The discovery of novel groups or categories within diseases, organisms and biological processes and their organization into hierarchical relationships are important and recurrent pursuits in biology and medicine, which may help elucidate group-specific vulnerabilities and ultimately novel therapeutic interventions.
Now a new study introduces a novel computational methodology and an associated software tool called K2Taxonomer, which support the automated discovery and annotation of molecular classifications at multiple levels of resolution from high-throughput bulk and single cell 'omics' data.
The study includes a case study detailing the analysis of the transcriptome of breast tumor-infiltrating lymphocytes (white blood cells in the immune system, aka TILs) on a single-cell basis, which significantly expands upon previous findings and showcases the incorporation of the methods into an advanced in-silico (produced by computer modeling) analysis workflow.
Our study presents a comprehensive evaluation and extensive benchmarking of the method on simulated and real data, which convincingly shows its high accuracy, its superior performance when compared to other representative methods and its capability to (re)discover known nested molecular classification."
Eric Reed, PhD, Study First Author and Recent Graduate of Bioinformatics Program, Boston University School of Medicine
The researchers found that the K2Taxonomer-based analysis of single cell data from breast TILs characterized a transcriptional signature common to multiple immune T cell subsets.
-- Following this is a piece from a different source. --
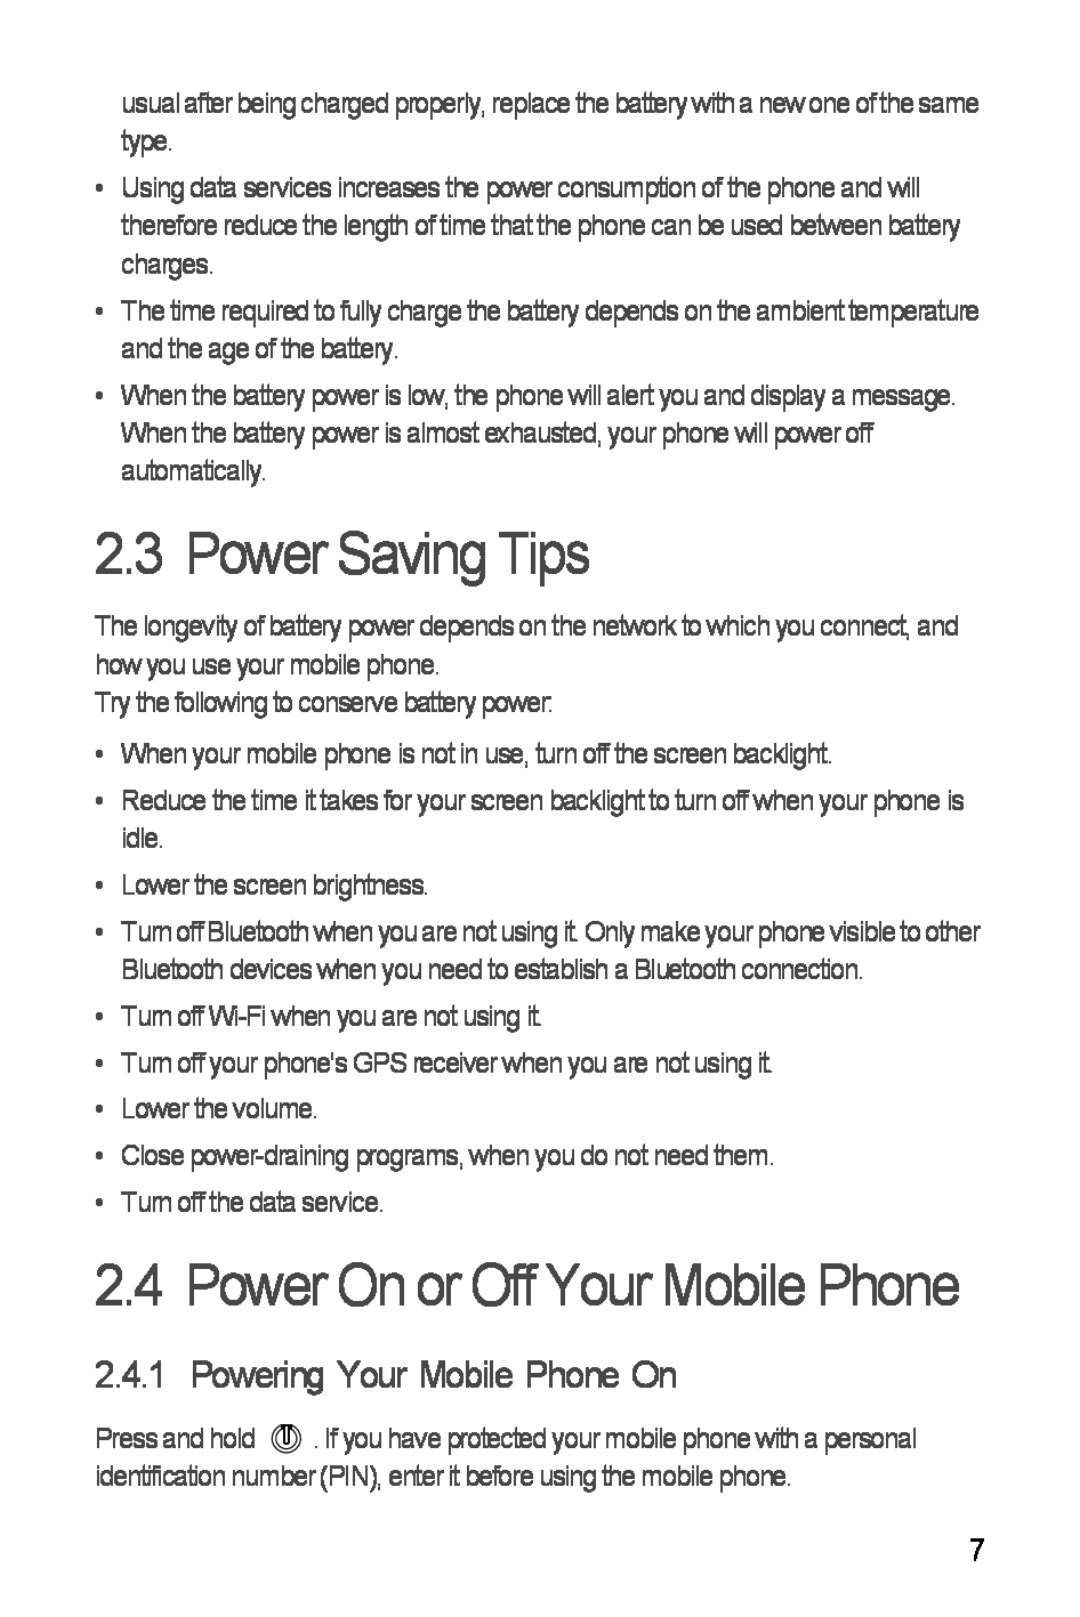 Huawei H881C manual Power Saving Tips, Power On or Off Your Mobile Phone, Powering Your Mobile Phone On

Importantly, the analysis found that activation of this signature is associated with better survival in breast cancer patients.
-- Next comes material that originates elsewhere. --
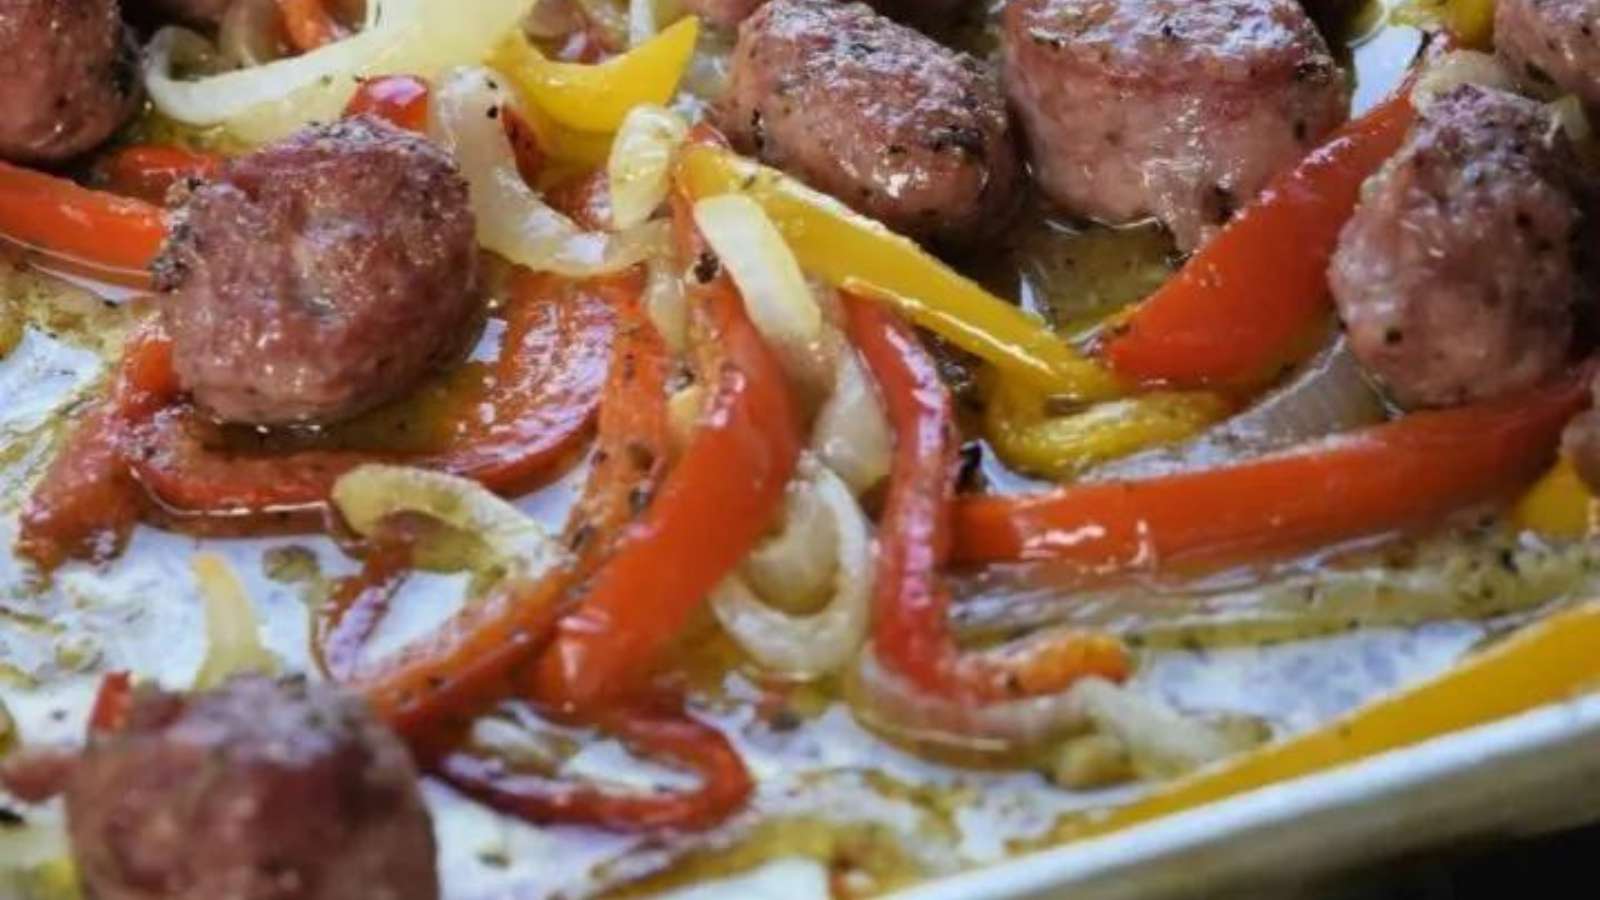 Sausage and peppers on a baking sheet.

"Our study points to some of the features of what an effective cancer immune response would look like. Not only could this enable us to better predict how breast cancer patients will fare after diagnosis, but also reveal some specific immune programs that need to be enhanced to generate a (literally) killer immune response," added corresponding author Stefano Monti, PhD, associate professor of medicine at Boston University School of Medicine (BUSM).
According to Monti, the identification and characterization of different cell types within a tumor, its microenvironment and a deeper understanding of their cross-talk, are essential to better understanding mechanisms of cancer initiation, progression and sensitivity to intervention approaches. He says the newly developed methodology can be equally applied to the analysis of other components of a tumor, including different types of malignant cells, tumor stroma (supportive tissue) and cancer-associated adipocytes (a cell specialized for the storage of fat.)
Reed, E. R & Monti, (2021) Multi-resolution characterization of molecular taxonomies in bulk and single-cell transcriptomics data. Nucleic Acid Research. doi.org/10.1093/nar/gkab552.